Turns out we had taken this trip because Ana and Dennis were looking for a property to buy for their daughters for when they grow up and move out. They had learned of a promotion for cheap land in the campo (countryside) and wanted to check it out. That’s the reason for the divisions you can see in the background of the picture. When I found this out, I thought Ana and Dennis must really want to get away from their kids! But actually they didn’t know the land was so distant, isolated, and arid. They are going to look elsewhere.  

After a 15 minute stay, we piled back into the car, and drove two hours back home. I got to see even more new parts of Cochabamba, made even more special by nightfall and the vibrant lights and energy of the city. We ate out (fried chicken) and got home around 9:30. A truly special afternoon that started out as just tagging along on an unclear adventure.

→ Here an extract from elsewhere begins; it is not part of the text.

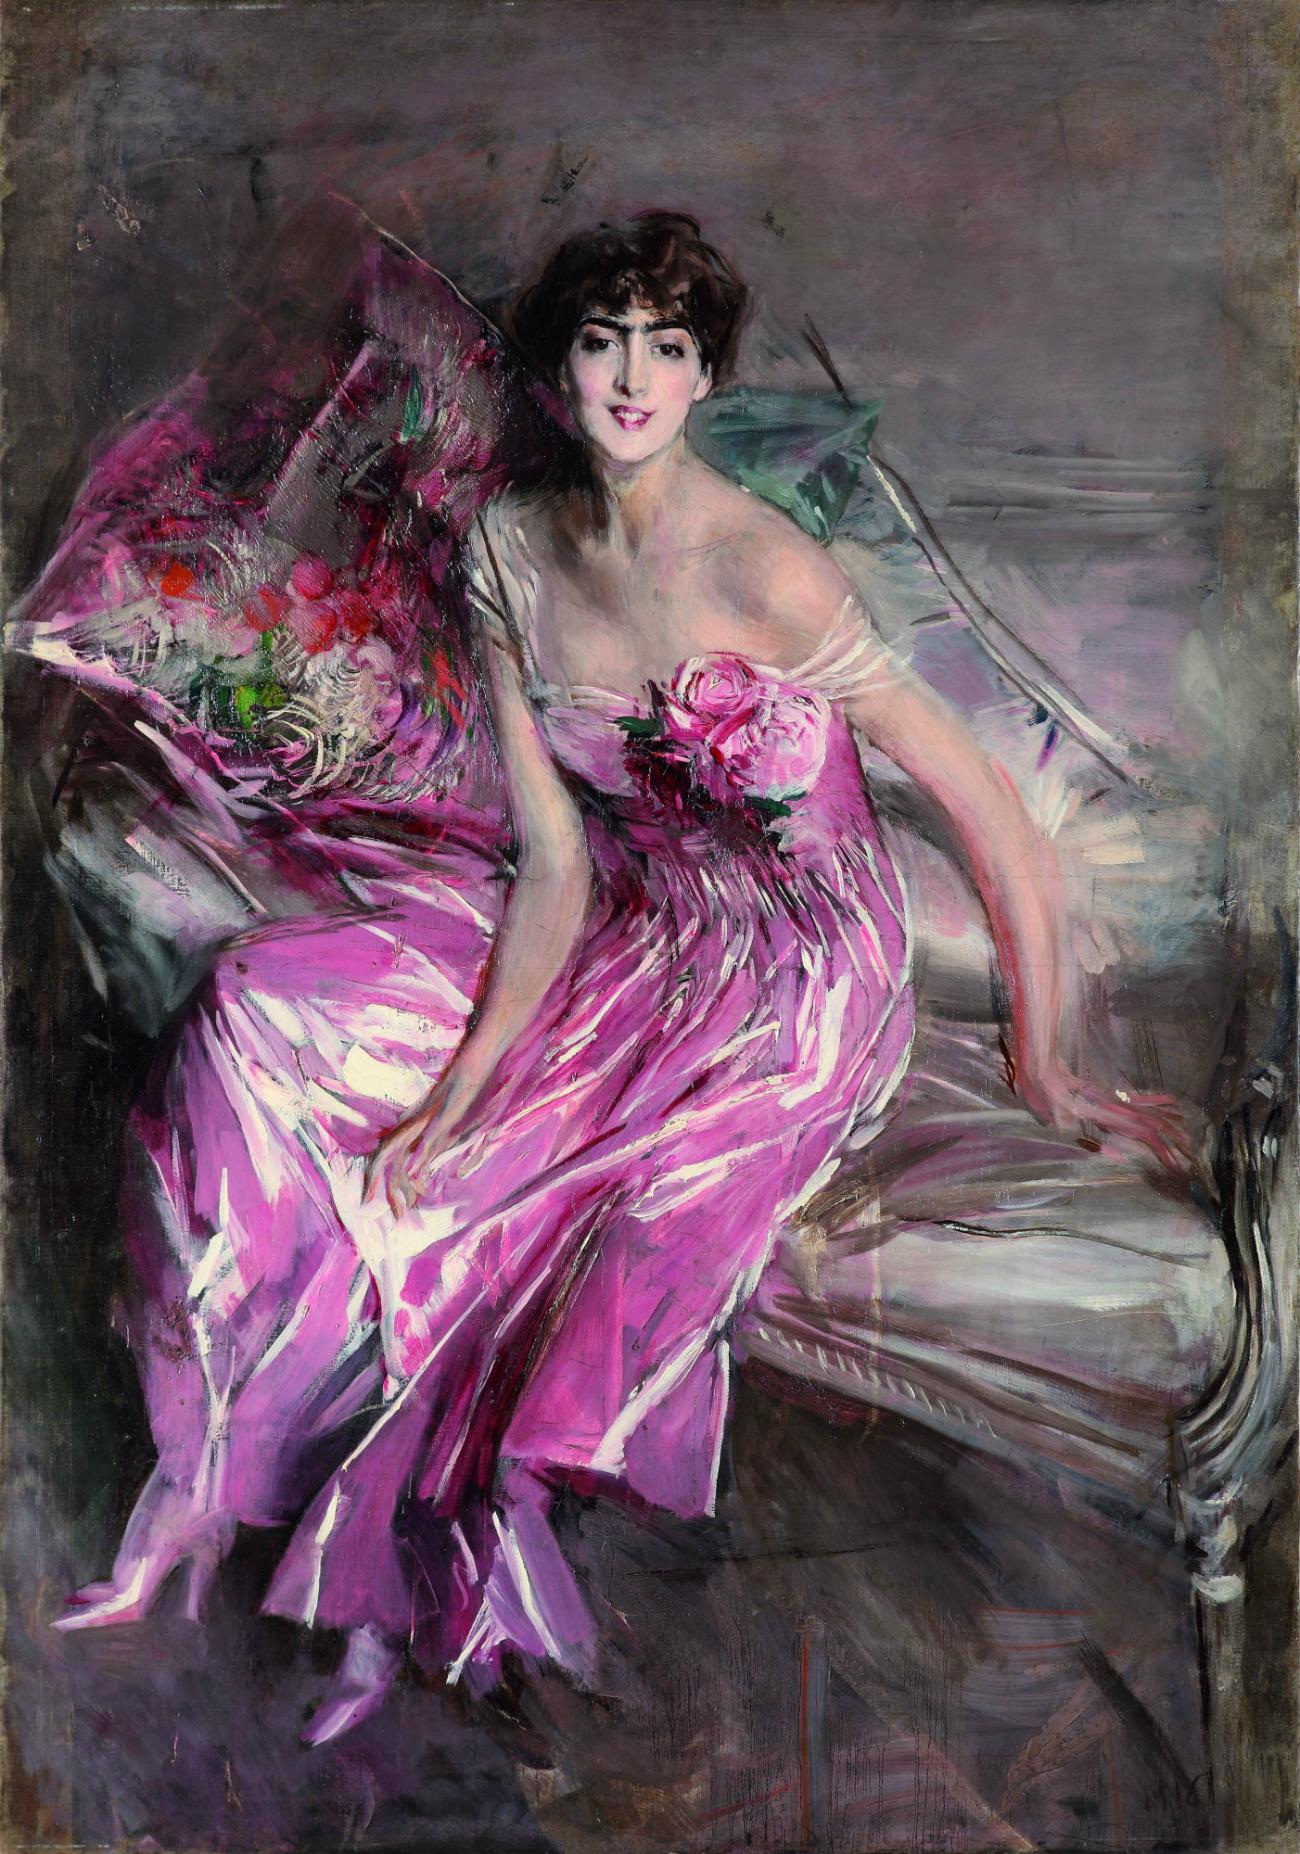 Дама в розовом (Портрет Оливии де Суберказо Конча). 1916. © Музей Джованни Больдини, Феррара

Another special day was two Sundays ago- día de peatones (Pedestrians’ Day)- during which all fuel-consuming transportation was prohibited from 9:00 to 5:00. The idea almost certainly came from environmentalists, but by now the holiday has its own energy and spirit well beyond the political message. Several of my group members and I walked the 8-9 miles from Tiquipaya to Cochabamba, starting at 9:00 and arriving before noon. As we got closer to downtown Cochabamba, the streets got more and more packed with market-style vendors selling treats, lunch, jewelry, toys, pet cats and dogs, the whole lot. We walked down the main drag (which was one big market/party), ate lunch, got frozen yogurt, hung out in the city for a couple hours, and left on foot for home at 4:30ish. At 6:00 we were lucky to catch a trufi to take us the rest of the way; our 5 miles of progress lowering the cost by a cool six cents per person. The wild thing is that día de peatones was going on all around Bolivia at the same time. It’s a very cool national commitment. There will also be three Cochabamba-wide días de peatones, and I think we’ll be here for one of them.

  

 Last Saturday night I had the privilege of attending my first quinceañera, a traditional coming-of-age ceremony for a girl turning 15. (Quinceañera literally means 15-year-old girl.) This tradition is present in all of Latin America and I think Spain as well. In my case, the quinceañera was Masel, a student at Kusikuna and Asia’s homestay cousin. The reception was a ten-minute walk from my house on this beautiful, isolated, green, country-club-style property that I didn’t even know existed. Masel entered in a beautiful, enormous, red dress and went around the room hugging all of the guests. There were some toasts, a speech about the passage from childhood to adulthood, and then lots of dancing and food. The dancing was Bar Mitzvah level awkward, which was funny because I knew all the kids from Kusikuna. The food was plentiful and delicious, and I ate ev-er-y-thing. My stomach is better now, on Wednesday. Worth it? Probably not.

  
Anyway, those are all my stories for now. To those who celebrated, hope you had a happy Hanukkah!

Abrazos,

Jacob

P.S. I just remembered that about half of my future class at Princeton, current high school seniors, will hear back from admissions today. That’s kinda cool. Doesn’t feel so important in Bolivia right now, but it’s definitely important to a lot of future friends of mine.